The 7-Eleven Fuel app is an app that lets you "lock" in a fuel price while the price is still low at the end of the fuel cycle (usually 2 weeks or so). What this means is that even if your local petrol station costs $1.50 a litre, you can fill your car up at any 7-Eleven service station in Australia for the price that you have "locked" into the app.

Normally you can only lock in the cheapest price of your five closest 7-Elevens fuel stations, but this is not always ideal because a petrol station on the other side of town or even in another state may be cheaper than your closest station, so you could potentially save even more money.

7-Eleven added a mock location check to the app so you can't simply load up a fake GPS, set a location and then lock in. I originally figured out how to get around this which you can read about here.

So sit down, buckle up because this is a break down on how I reverse engineered the app allow you to check fuel prices and lock them in using Python.

The process:

The first thing I did was setup Fiddler2 so I could capture the network data.
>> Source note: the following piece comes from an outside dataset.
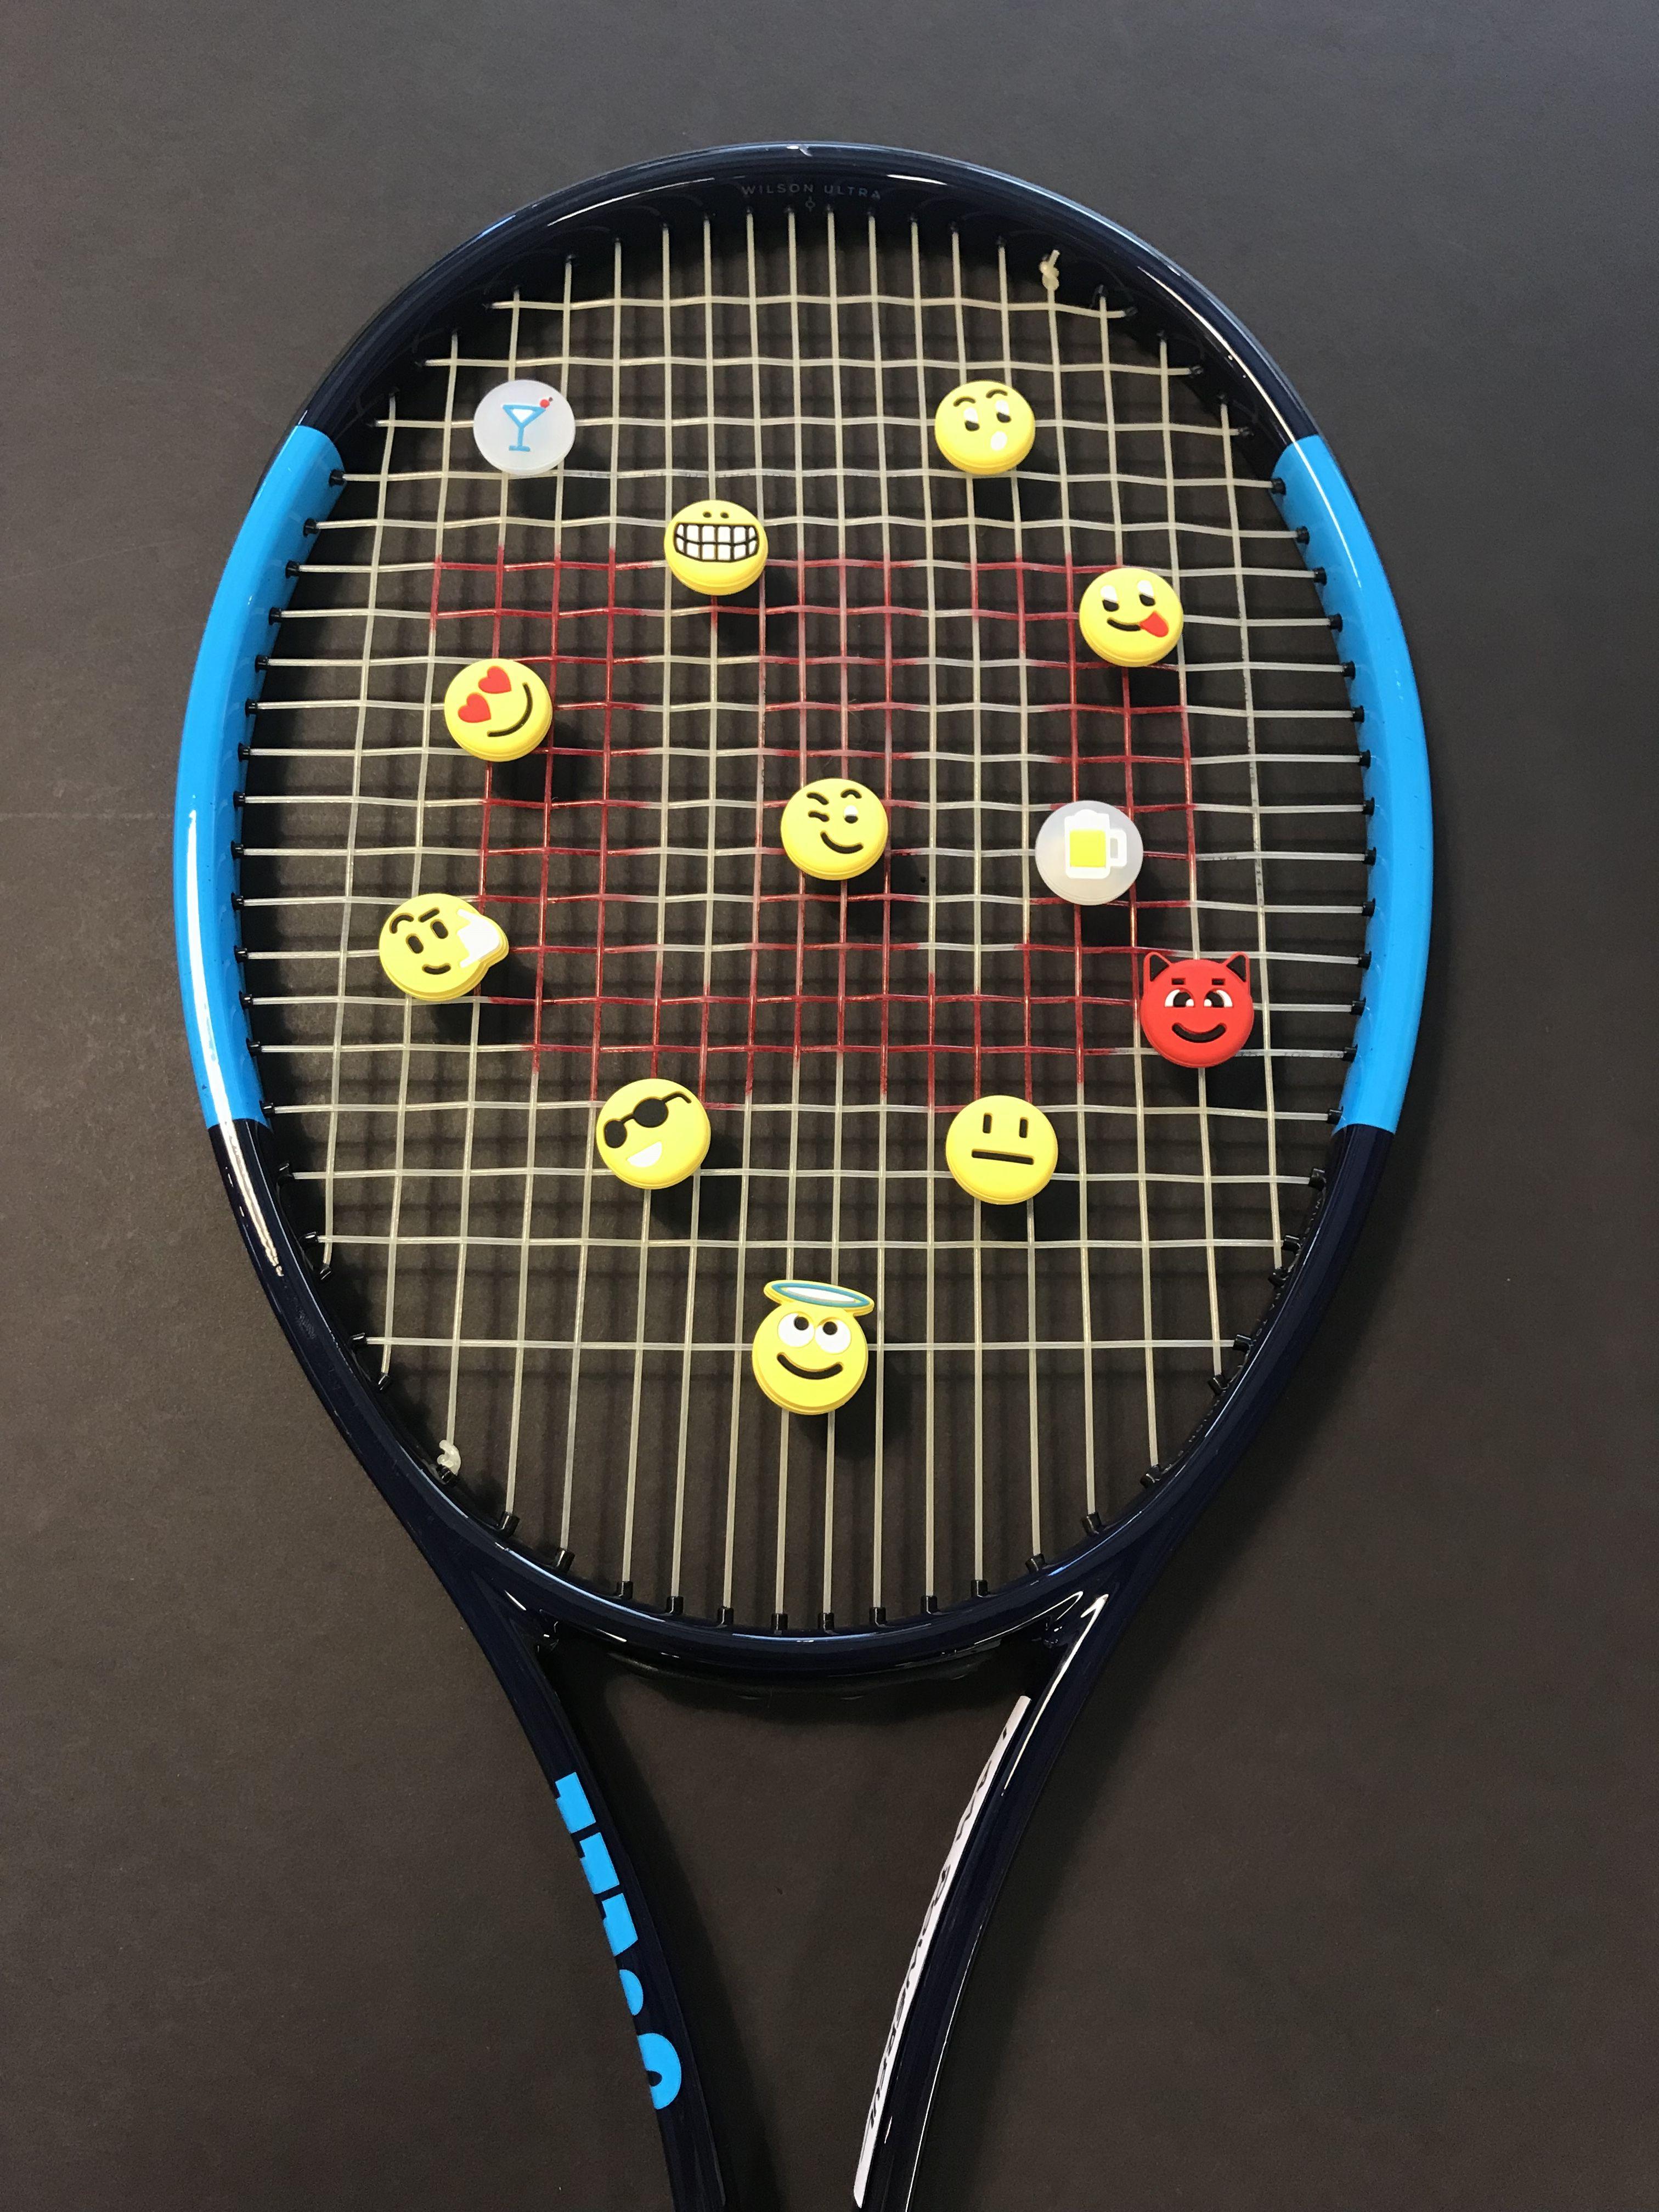 Emoji Vibration Dampeners Spring Camping Colorado Springs Camping Tennis Racket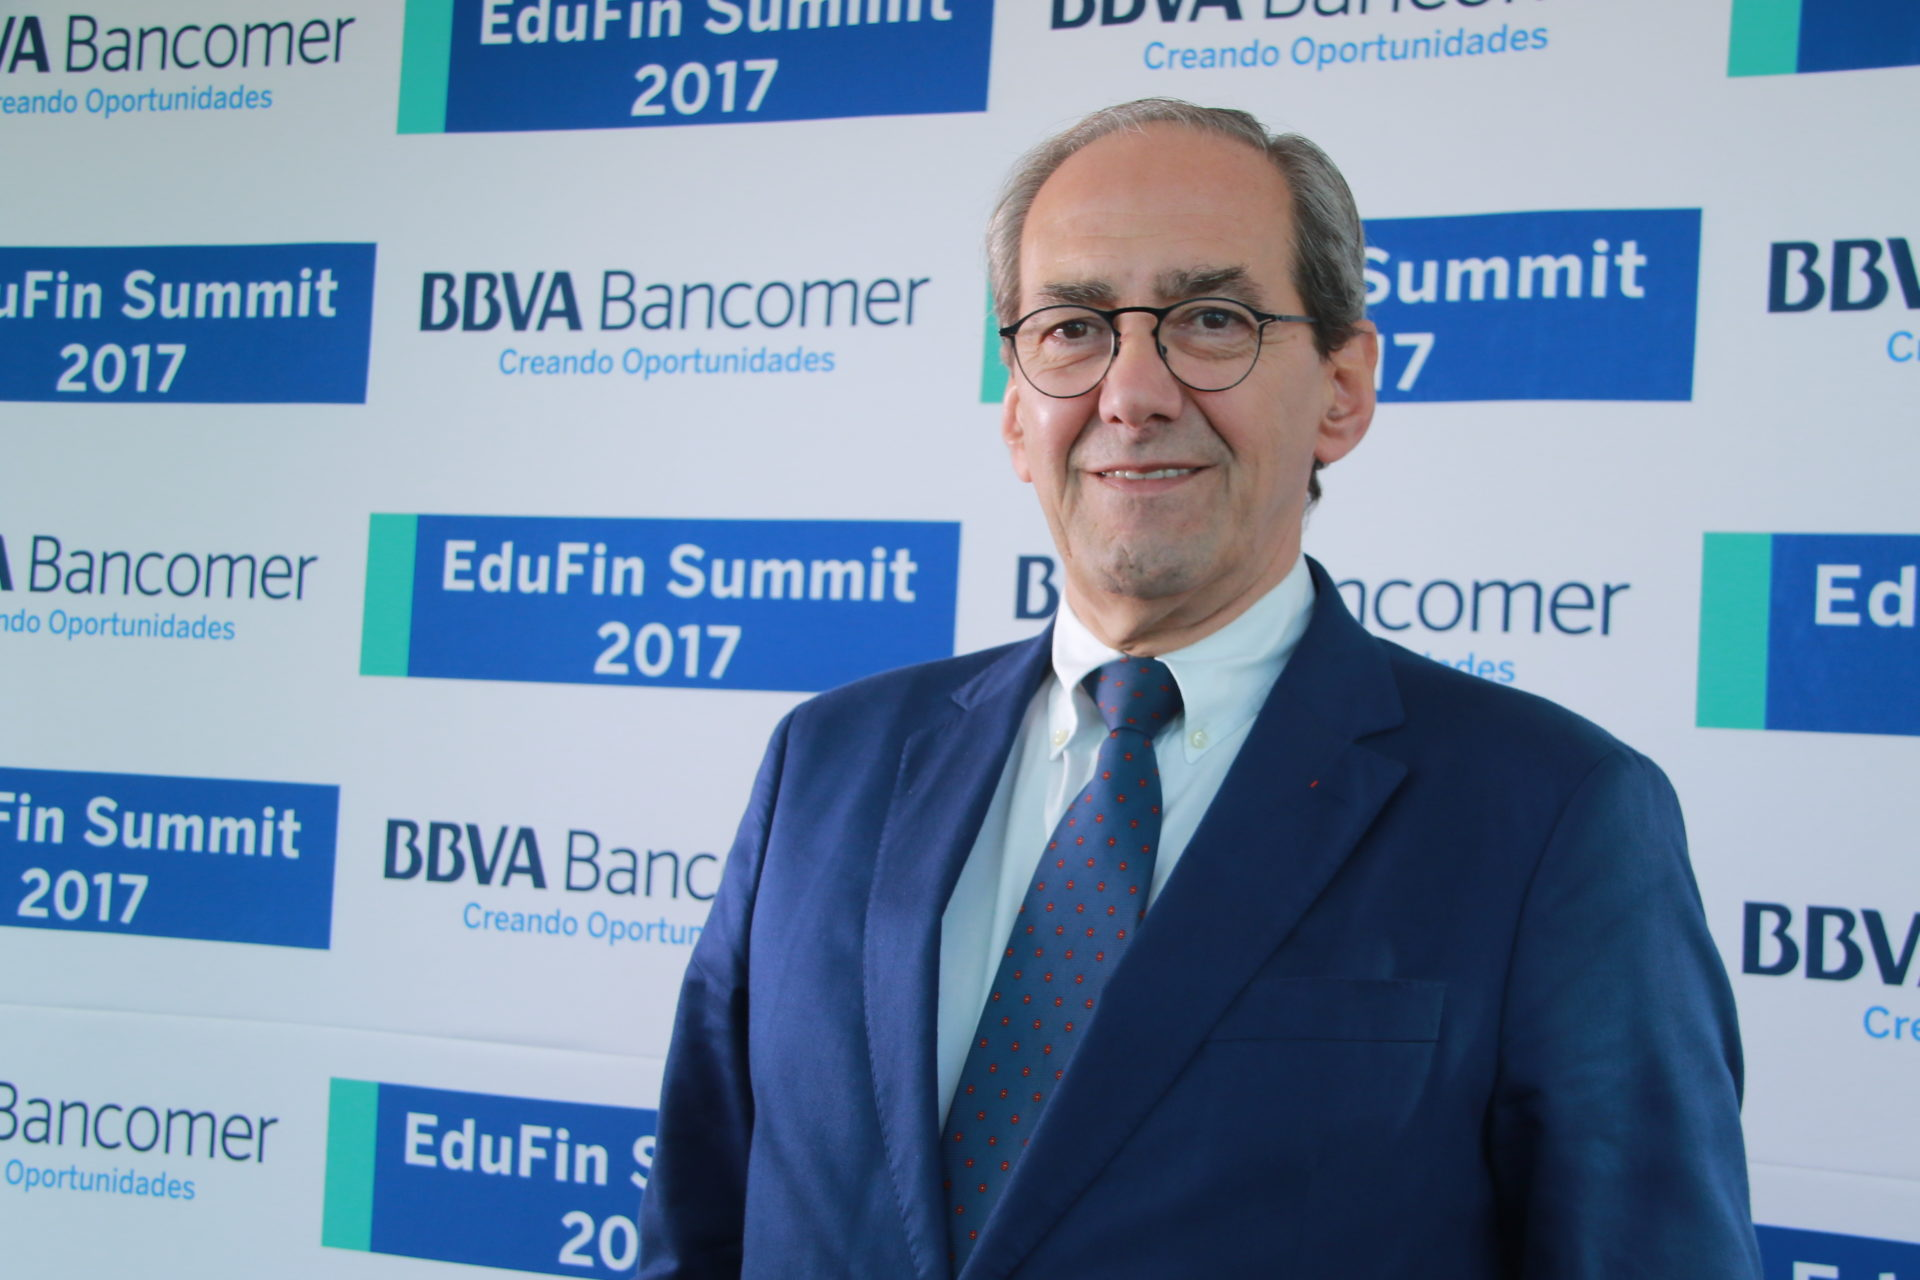 José manuel González-Paramo en Edufin Summit

Unfortunately 7-Eleven uses SSL certificate pinning which means that if you try and do any sort of HTTP data request (whether that is logging in, searching for your closest store or even trying to lock in a fuel price) you get an error response from the app saying "An unknown error occured. Please try again later".

My next idea was to load up my trusty Java decompiler (JADX) and open up the 7-Eleven Fuel 1.5.0 app, which 7-Eleven for my sake thankfully forgot to obscure. A search for "https://" revealed the following

public static final String API_BASE_URL = "https://711-goodcall.api.tigerspike.com/api/";

Simply changing the URL from https to http was enough to view the network data.
note: I have since learned that you can remove some of the SSL Certificate Pinning following this guide.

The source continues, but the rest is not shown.